The purpose is to provide confidence to stakeholders that the Node Operator is effectively managed, to enable them to understand the overall goals, and to show operational strengths, and plans to address perceived weaknesses and strategic threats.
🔗 The Node Operator MUST have documented Incident Response Plans corresponding to all risks identified in this specification
🔗 The Node Operator MUST have documented Disaster Recovery Plans corresponding to risks identified in this specification that lead to destruction of crucial data or loss of assets
🔗 Incident Response Plans and Disaster Recovery Plans MUST include revising the relevant plans whenever they are activated, based on lessons learned
This covers both responses to real incidents and Simulated activation, or Pre-mortems.

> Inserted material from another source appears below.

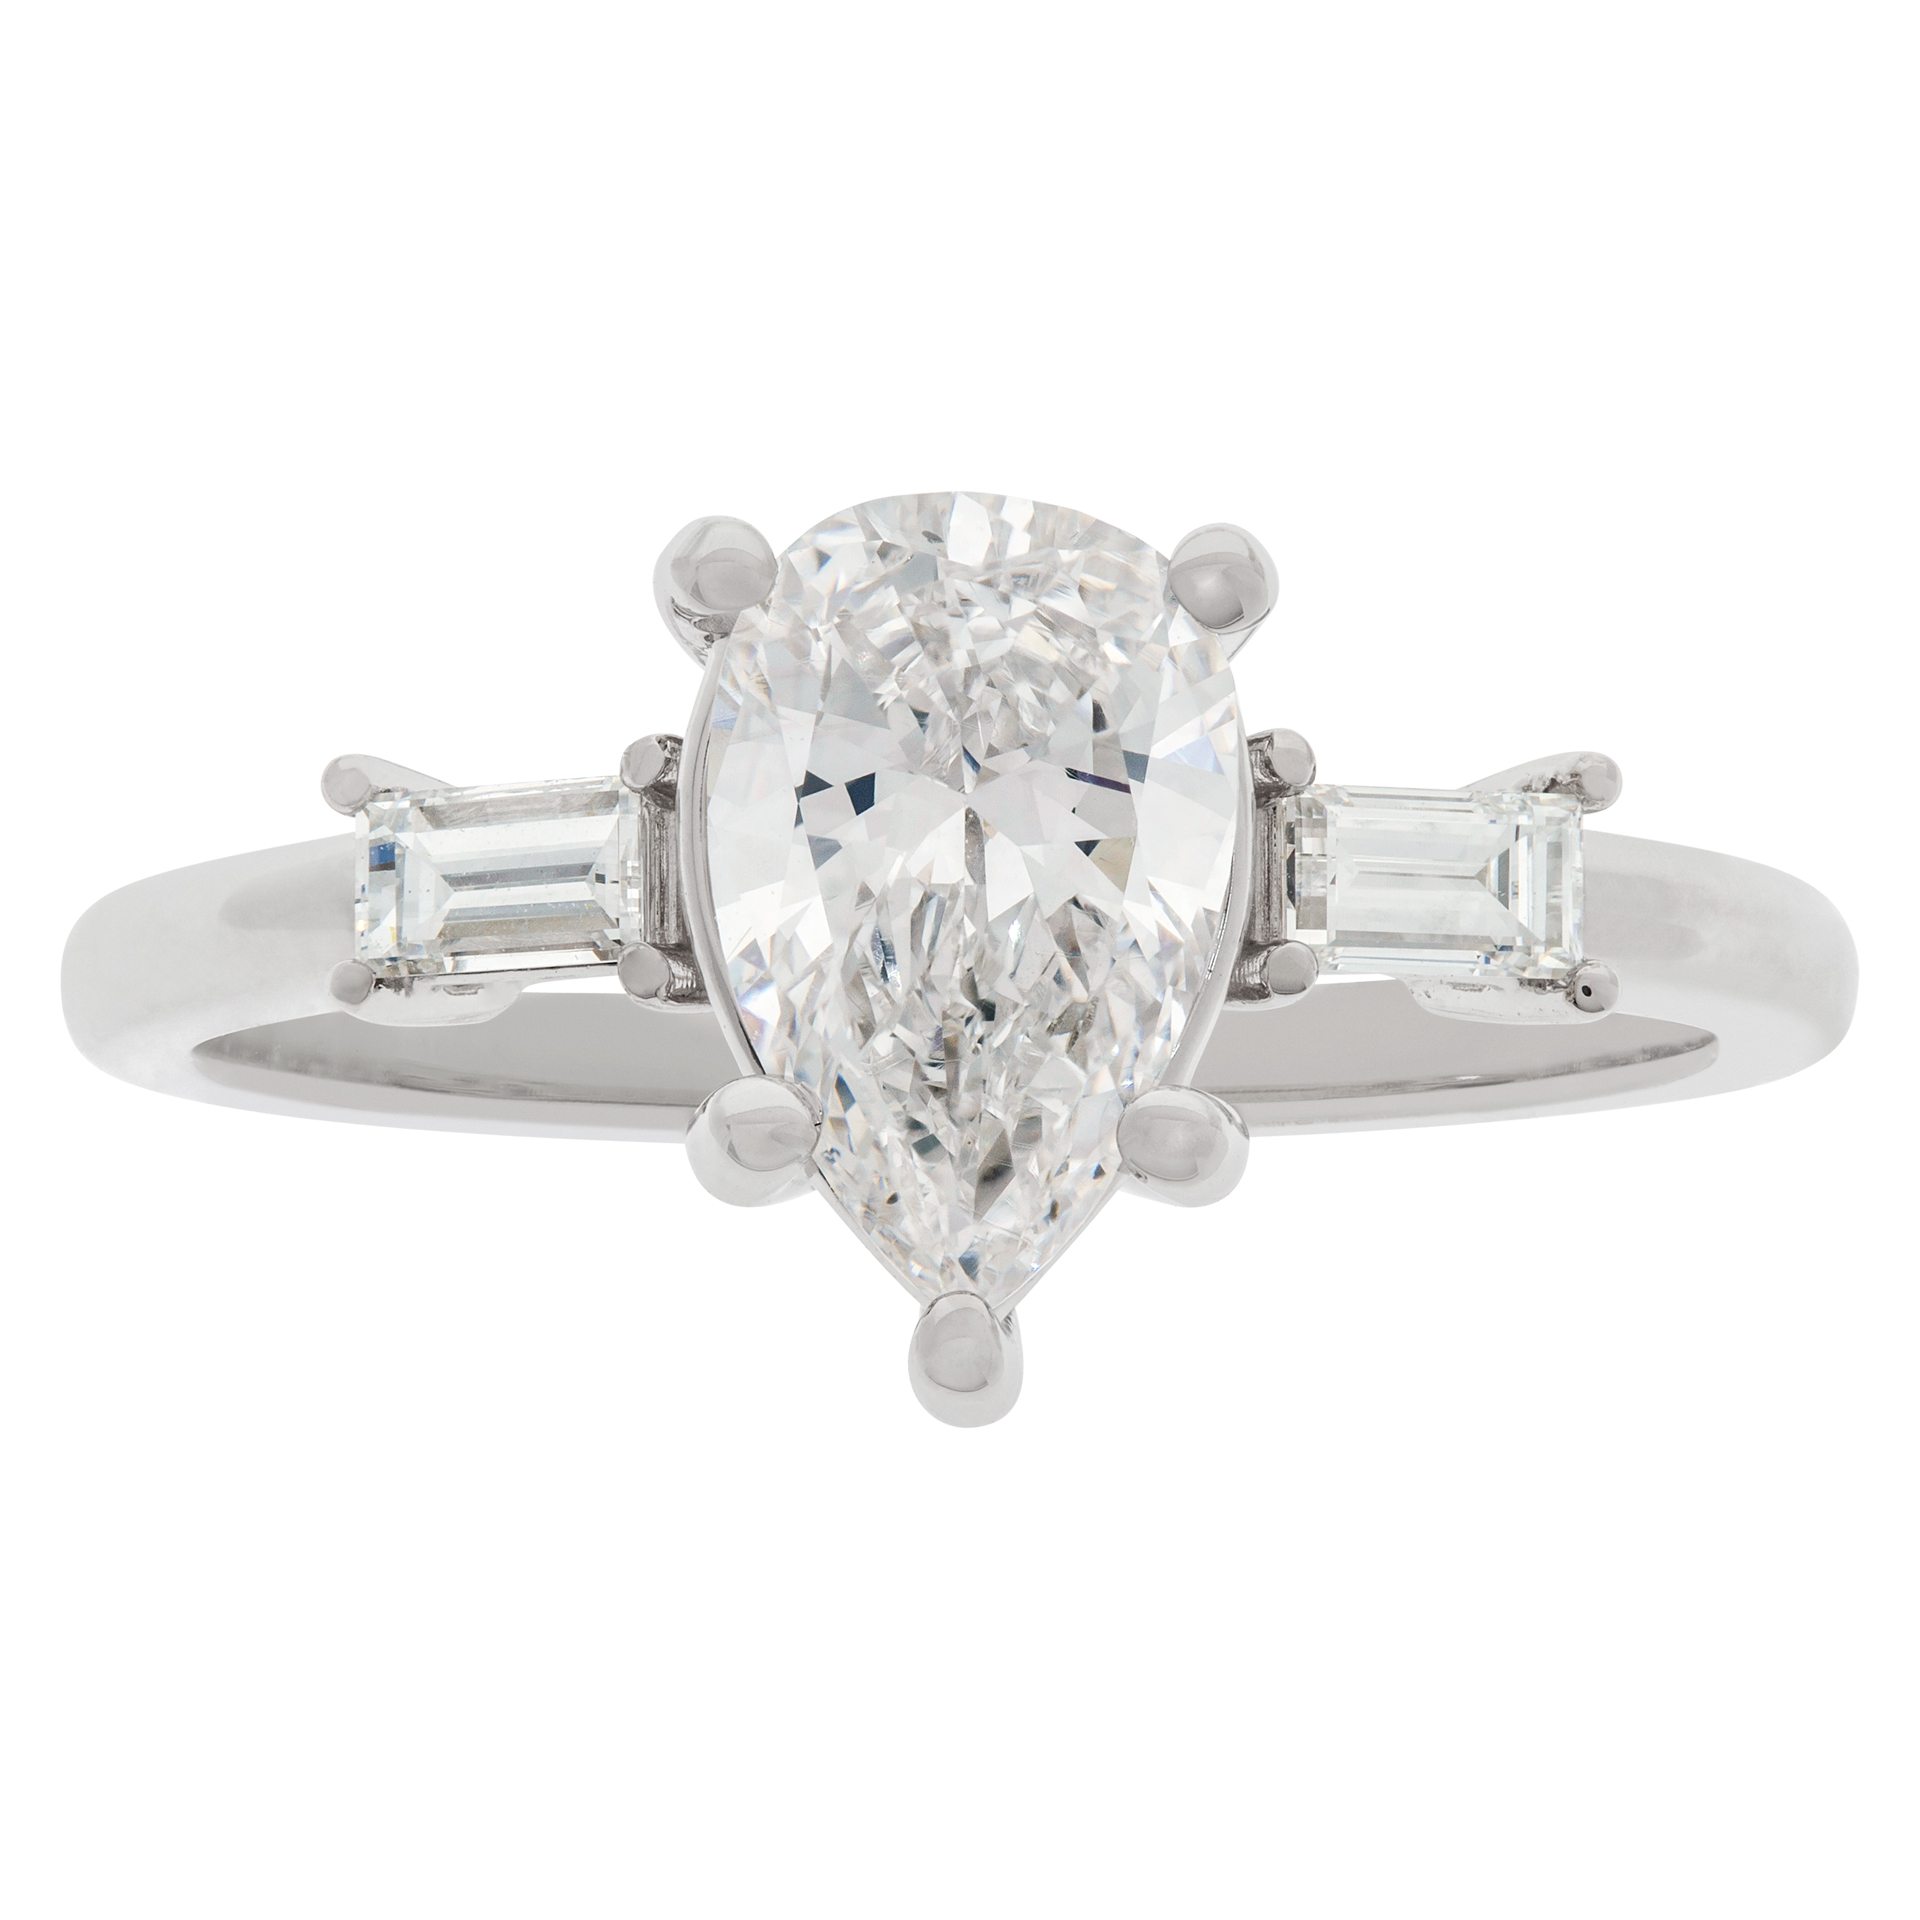 GIA certified pear brilliant cut 1.19 carat diamond (F color, SI1 clarity) ring

🔗 Node Operators MUST perform a simulated Incident and activation of the associated Incident Response Plan or Disaster Recovery Plans at least twice per year
🔗 Node Operators MUST document Incident Communication strategies or policies
This requirement includes internal and external communication, both during and after incidents.
🔗 Node Operators MUST verify that third parties providing services, or with whom the Node Operator contracts, are in compliance with relevant standards (including this one) and regulations
This includes areas such as the uptime guarantees of cloud providers and other core counterparties, response times and Service Level Agreements, security procedures, and the like as well as relevant regulatory compliance.
🔗 Service agreements MUST specify termination procedures and obligations
This document is an Editor's draft, for a proposed revision to the DUCK Knowledge Base (version 1).
Feedback is welcome, and is preferred as Issues, Pull requests and comments in this GitHub Repository. Please note the Conditions of Contributing.
The original content of this specification was developed as the DUCK Knowledge Base, and the current work is a direct evolution of that content.
In updating it, there are several changes being made. The key change is to move from a general explanation of risks and good practices to a specification that is well-suited to assessment of conformance.
Several somewhat cosmetic changes have been made. Most obviously, the name has been changed to ValOS - the Validator Operations Standard - and instead of a multi-page website it is available primarily as a single-page specification, in particular enabling easier use offline.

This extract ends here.